America's love affair with indigo-dyed denim started with hard-working men soon after the first pair of Levi's hit the streets of San Francisco in 1873. In his new book, Jeans, Amesbury, Mass. author James Sullivan traces the history of everybody's favorite garment, from those early rugged jeans to the designer styles we wear today, and goes inside one of Boston's hottest jeans boutiques.
By James Sullivan
for The Boston Globe Magazine
'Did they flatten your butt out?" The moment the customer pulls back the dressing room curtain, the quick-talking shopkeeper peppers her with questions: "How do the jeans fit? Are they tight in the thighs? How do they feel on the hips?"
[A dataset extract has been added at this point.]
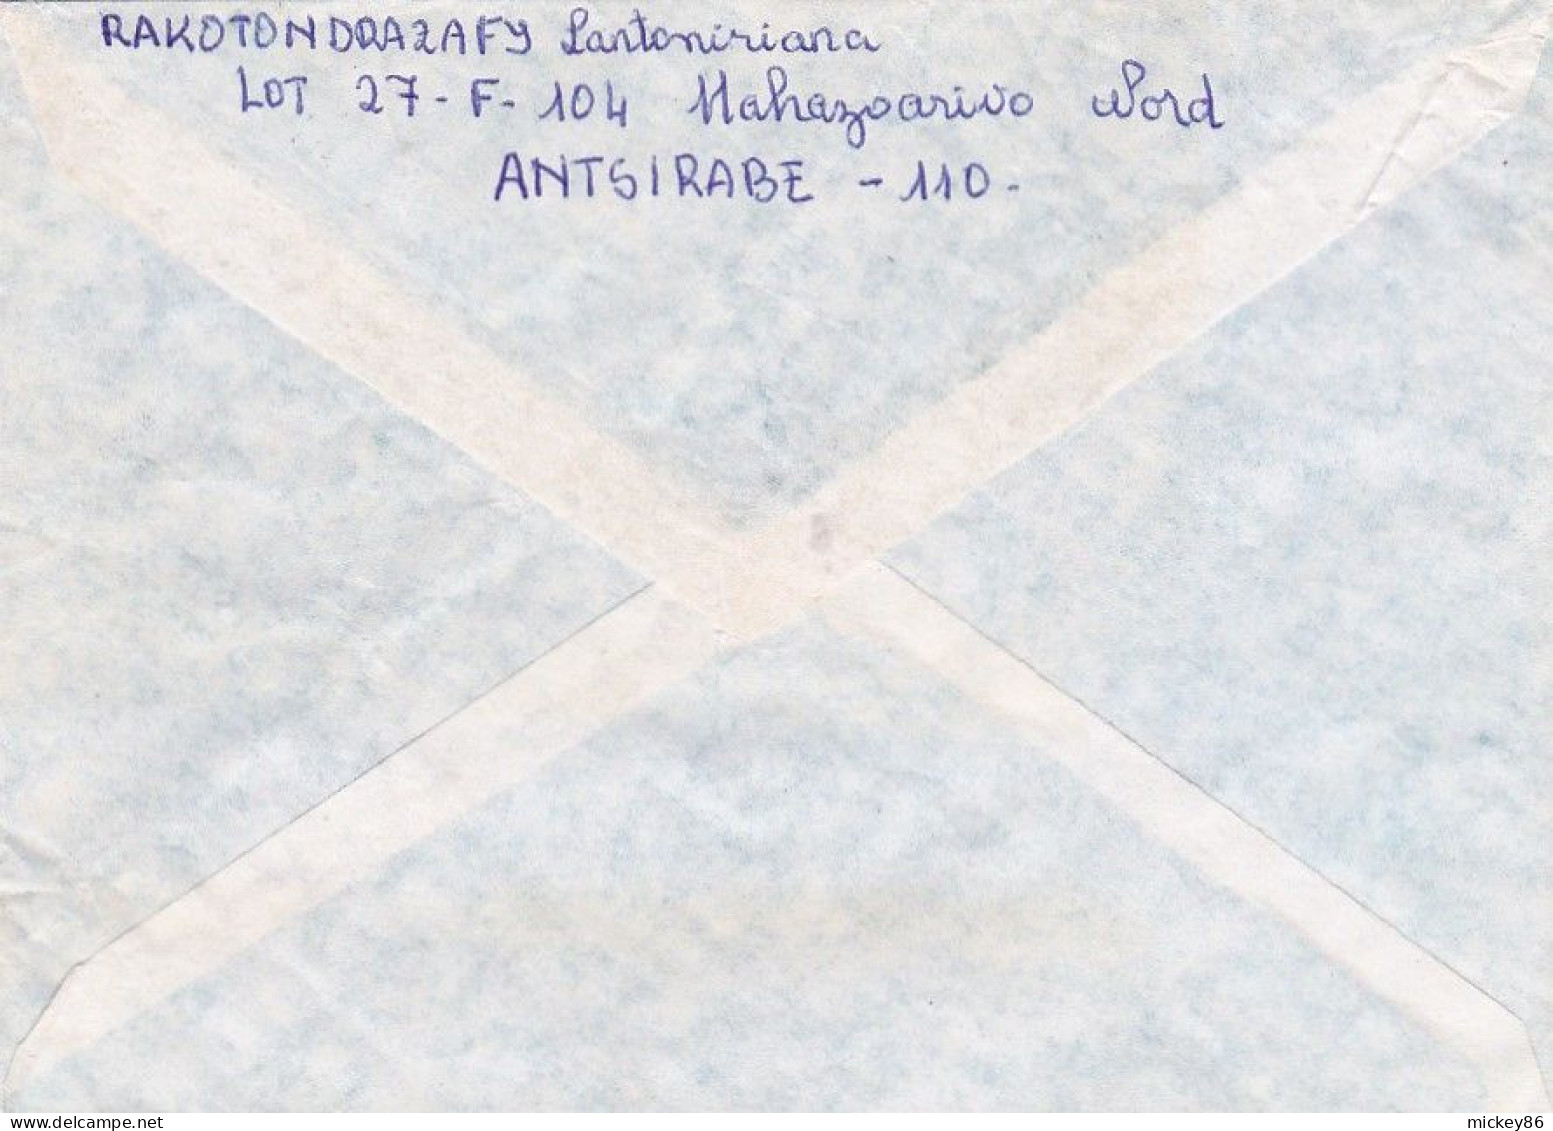 MADAGASCAR--1994- Lettre De ANTSIRABE à TANANARIVE ...timbre ( Pêche )  Seul Sur Lettre - Madagaskar (1960-...)
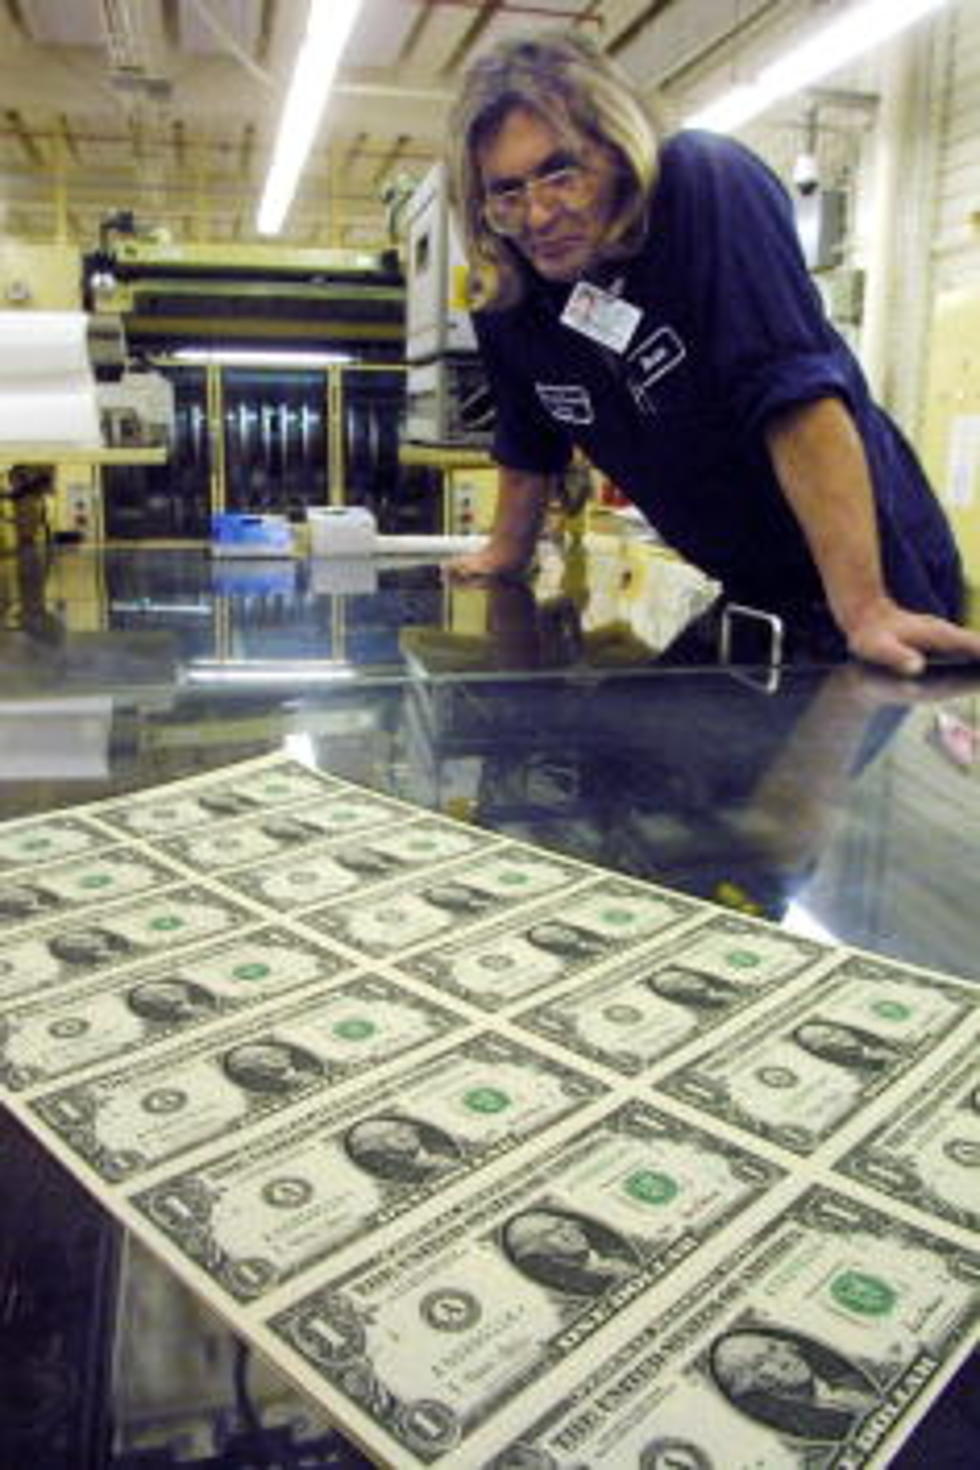 Examining The Dollar Bill

She's not just trying to make another sale, although at an average of $180 a pair for the high-end denims Leah Eckelberger retails at Jean Therapy, her Kenmore Square boutique, every sale is a considerable victory. Eckelberger, 31 and compact as a gymnast, is no master of the hard sell. She'll cheerfully send first-timers who blanch at her prices down to Newbury Street, to the Lucky Brand store, to buy less-expensive fashion jeans. She just wants her customers to go home feeling flattered, feeling cared for, as if they'd been to a spa. To Eckelberger, jeans are, in fact, a kind of therapy. They are comforting and familiar, yet they can make you feel sexy and adventurous. Her enthusiasm for her merchandise - enthusiasm, hell; it borders on pathology - is contagious.
Eckelberger likes to say that shopping for jeans brings out the best and worst in us. Customers don't hesitate to announce what they perceive to be their physical deficiencies. "They'll say 'I'm short,' or 'I have big legs,' " she says. "They're overaware of their bodies, actually. It's crazy." For many women, she says, the act of buying a new pair of jeans has become as intimate, and as anxiety-riddled, as picking out a bathing suit or an evening gown.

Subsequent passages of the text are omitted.